Очередь притихла. Веру побаивались: могла она и словесно перепустить, могла при надобности и задеть неловко. Бывало такое, бывало. Ни одного мужика в деревне нельзя с нею рядом поставить. Тому уж лучше сразу сдаваться, чем пытаться с какой угодно стороны равняться.

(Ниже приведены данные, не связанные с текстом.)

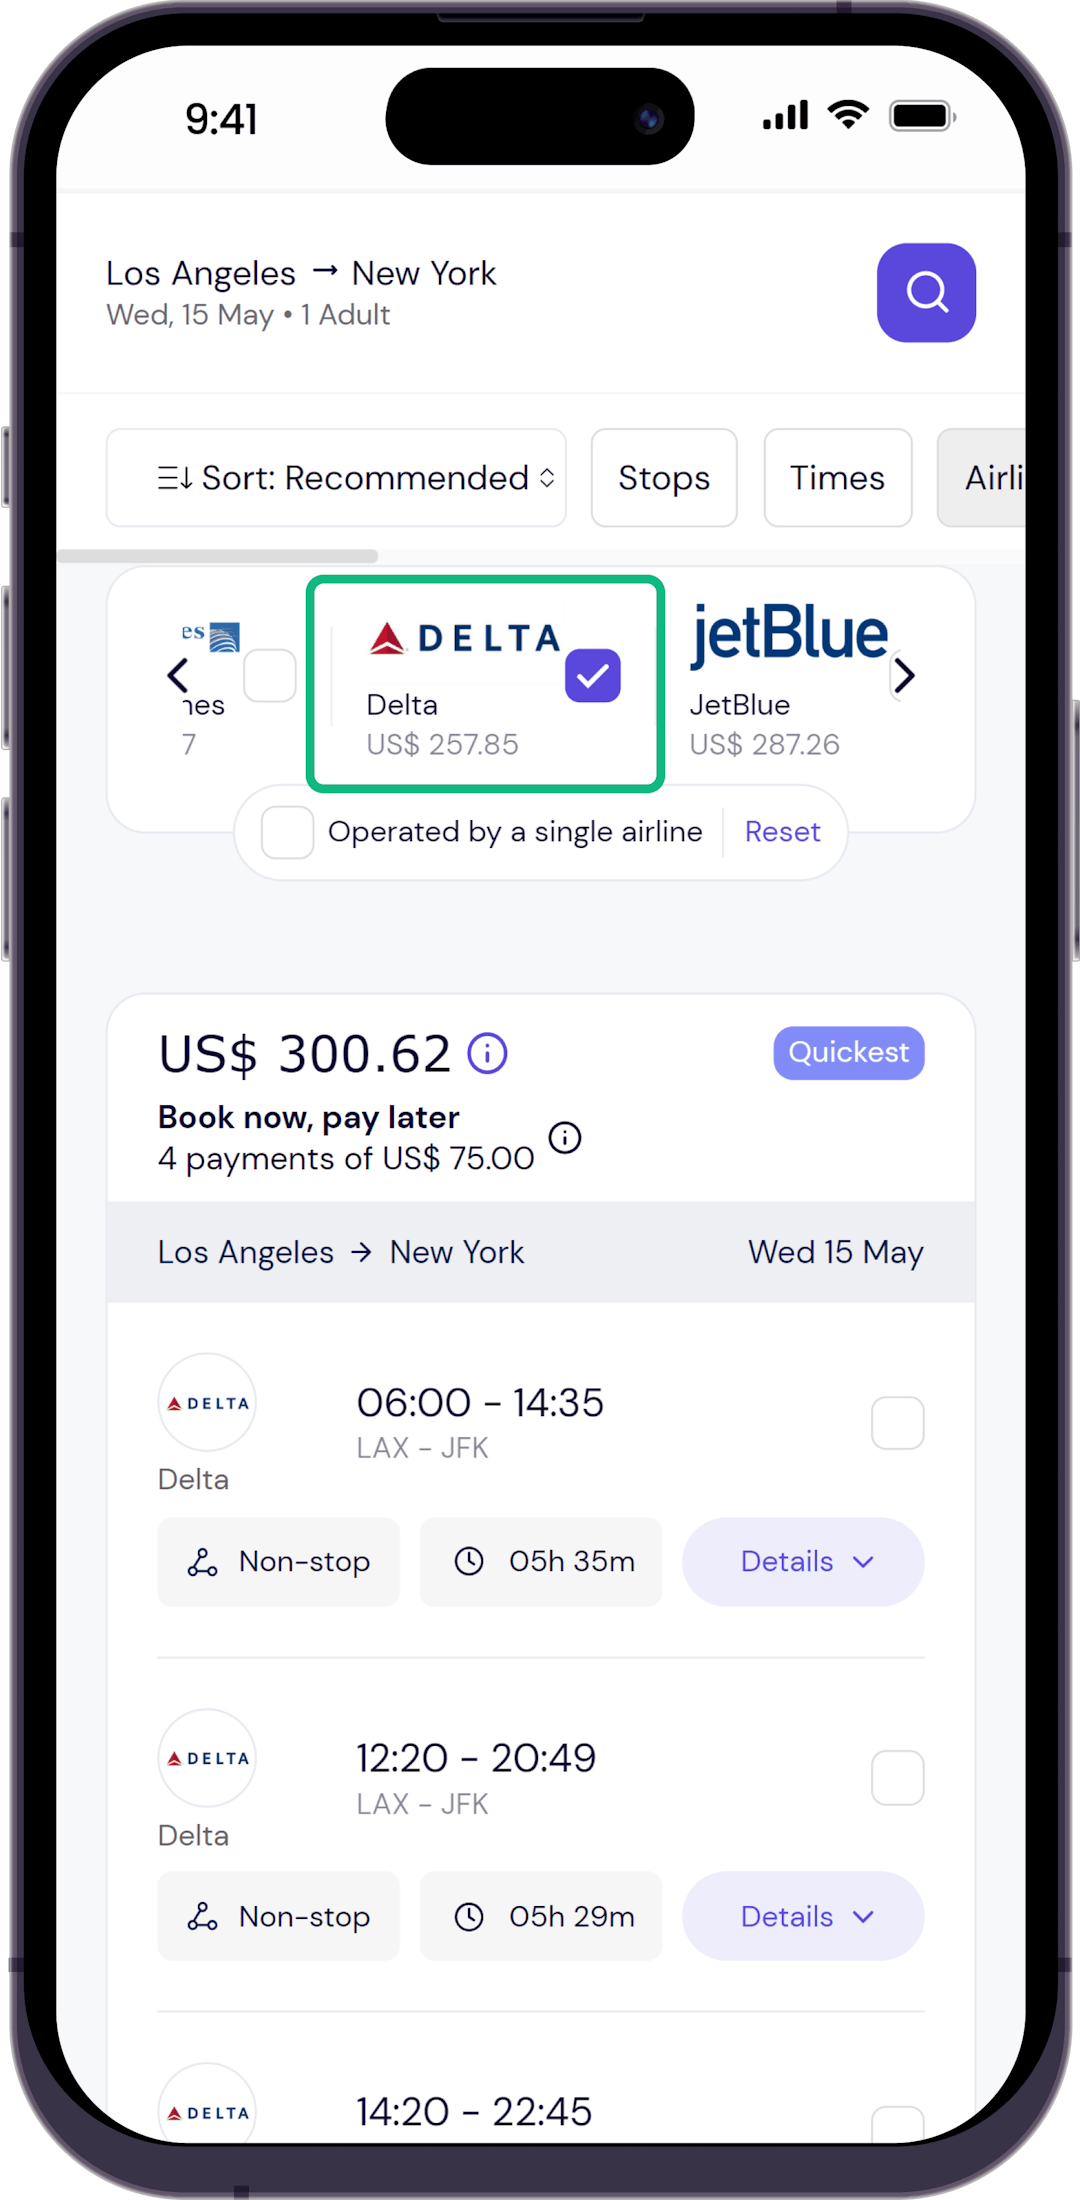 Step 2 - Select Delta as preferred airline to fly with

Но главная сила Веры заключалась, конечно, в том, что стояла она за прилавком, а это по нынешним временам не меньше, чем быть директором леспромхоза.
— Мне, кабыть, за шесть за двадцать, — сдался Иван Демьянович, протягивая деньги.
— Всё! — отрубила Вера, отстраняясь от прилавка. — Вы у меня, кабыть, ни за шесть, ни за двадцать шесть ее не получите. Хватит.
— Как так? — растерялся Иван Демьянович. — У Лексея седни сорок дён, справить надо. Ты, Вера, дай.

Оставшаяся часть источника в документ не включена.